The main reason to subclass tf.keras.layers.Layer
instead of using a Lambda
layer is saving and inspecting a Model. Lambda
layers are saved by serializing the Python bytecode, which is fundamentally non-portable. They should only be loaded in the same environment where they were saved. Subclassed layers can be saved in a more portable way by overriding their get_config
method. Models that rely on subclassed Layers are also often easier to visualize and reason about.
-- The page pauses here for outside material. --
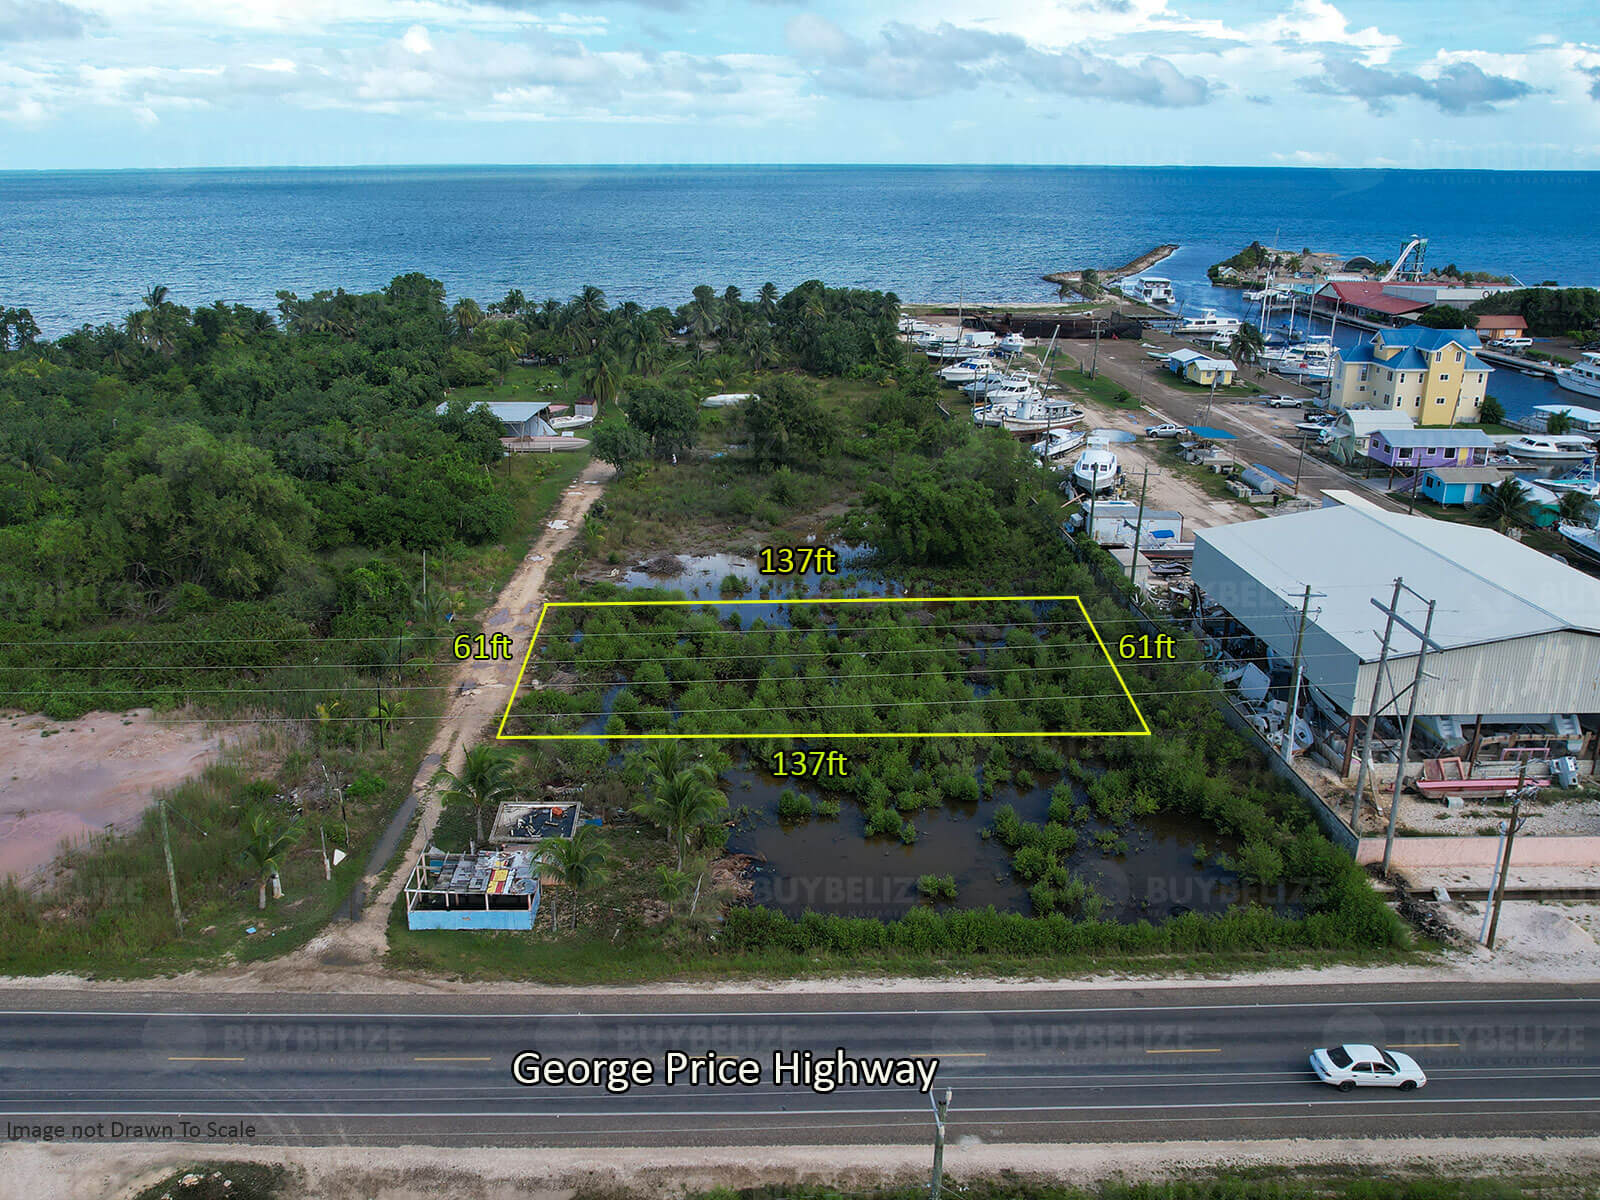 Land for Sale on the George Price Highway

As such, the best method for activations not already provided by a layer is to subclass tf.keras.layers.Layer
instead. This should not be confused with subclassing object
and overriding __call__
as done in @Anonymous Geometer's answer, which is the same as using a lambda
without the Lambda
layer.
Since my use case is covered by the provided layer classes, I'll leave it up to the reader to implement this method. I am making this answer a community wiki in the event anyone would like to provide an example below.